Jesus' life shows us a different way. He shows us how much he cares about sin by
dying in undeserving death to cover it. He tells people, even people in dire situations,
to go and sin no more. And if God says something is good and right and true or God says something
is wrong and dark and bad or false, then we are absolutely being loving by agreeing with him
and sharing that agreement with other people. Still we will be told that that is hate.
And when we are slandered in that way, rather than reacting in anger, we will.
bless the slanders, we pray for them, we share the gospel with them, that's Agape love.
That's what Christ compels us to do. That's what He enables us to do. That's what I so often,
we so often fail to do. Nevertheless, it's what we are called to do. Agape is impartial.
It doesn't try to love some kinds of people more or less or better than others when it comes to
this kind of sacrificial service. It considers everyone more significant than ourselves,
as Philippians 2-3 tells us
the exact opposite message
that we are hearing from the world today.
And it's incredibly freeing,
incredibly freeing that we do not have to meet the world's demands
of righteousness and love and goodness and compassion
because clearly, as we can see from the behavior of so many people,
especially when it comes to the cancellation of those
that we simply disagree with,
that they don't know what love is,
that they don't actually know what empathy and compassion is,
all of these things that they say that they embody
unless they know God and agree with what he says is good and right and true,
what he says is love and hate and right and wrong.
They don't know it.
And it's our responsibility to continue to show and to steward what love actually is
without abandoning God's standards of right and wrong
because he is our example, not just in love,
but also in morality and in truth.
He can empower us to bring all of those things together.
The great news is also that no matter what stage of life
that you're in, you can experience, you can experience a God by love.
If that is the greatest type of love, if you are unmarried, if you don't have kids,
if you are single, that does not exclude you from being able to experience the most
joyous, fulfilling types of love that God has given us the capacity to feel and experience
that God has shown to us through his son.

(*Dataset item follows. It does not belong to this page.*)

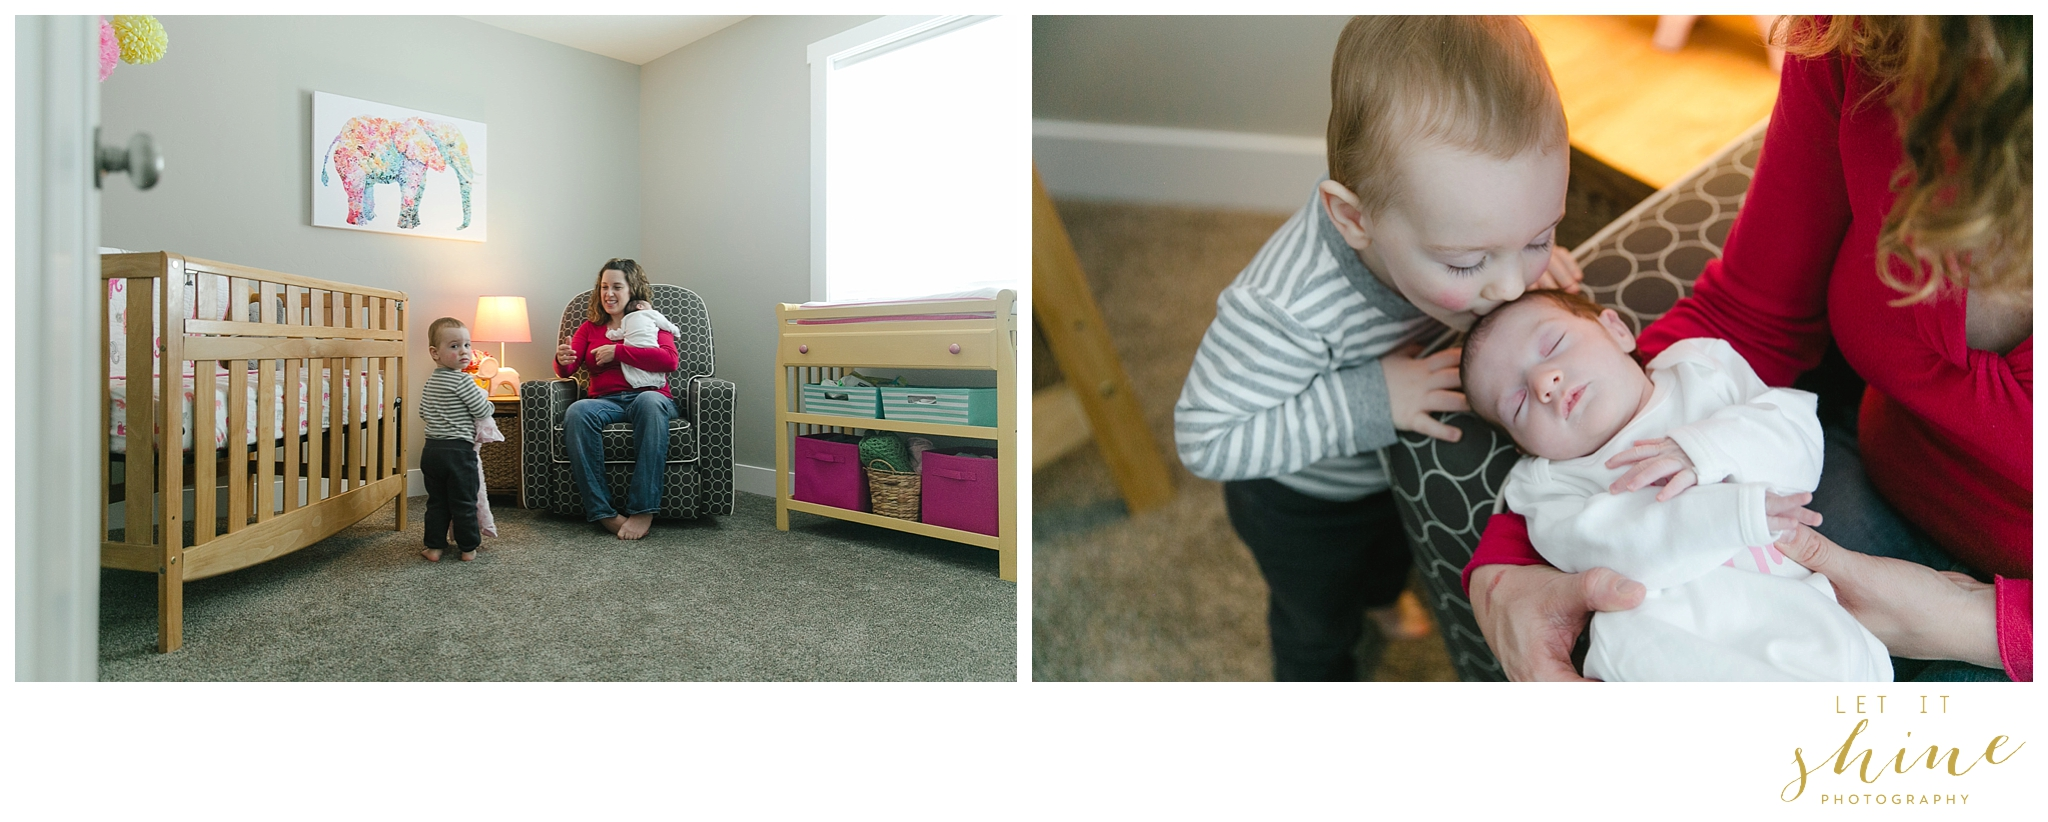 In Home Family Photographer Boise Idaho_0011.jpg

So I know Valentine's Day can be really hard for people who really want to be married or
they really want to be in a relationship and it's just not that season in their life yet,
or they don't know if that's ever going to happen for them. Understand that that's,
that Aeros love is not the only kind of love that exists and it's not the only or even most
fulfilling kind of love. The friendship love that God has given us, the familial love that God has
given us, and most importantly, the agape love that God has given us can be experienced by all
people. And I pray that we would get better, that I would get better at showing those types of love
to people that need it, because that's what we need. We need a lot of love right now. Yes, we need
truth. Yes, we need biblical unity. Yes, we need clarity and confusion and all of those things,
but we need a whole lot of love right now. And I pray that we would do that rightly. We would do
that obediently. We do that in a holy way that reflects God and his gospel. All right, that's all I
up for today. Happy Thursday, happy Valentine's Day. We will be back here on Monday.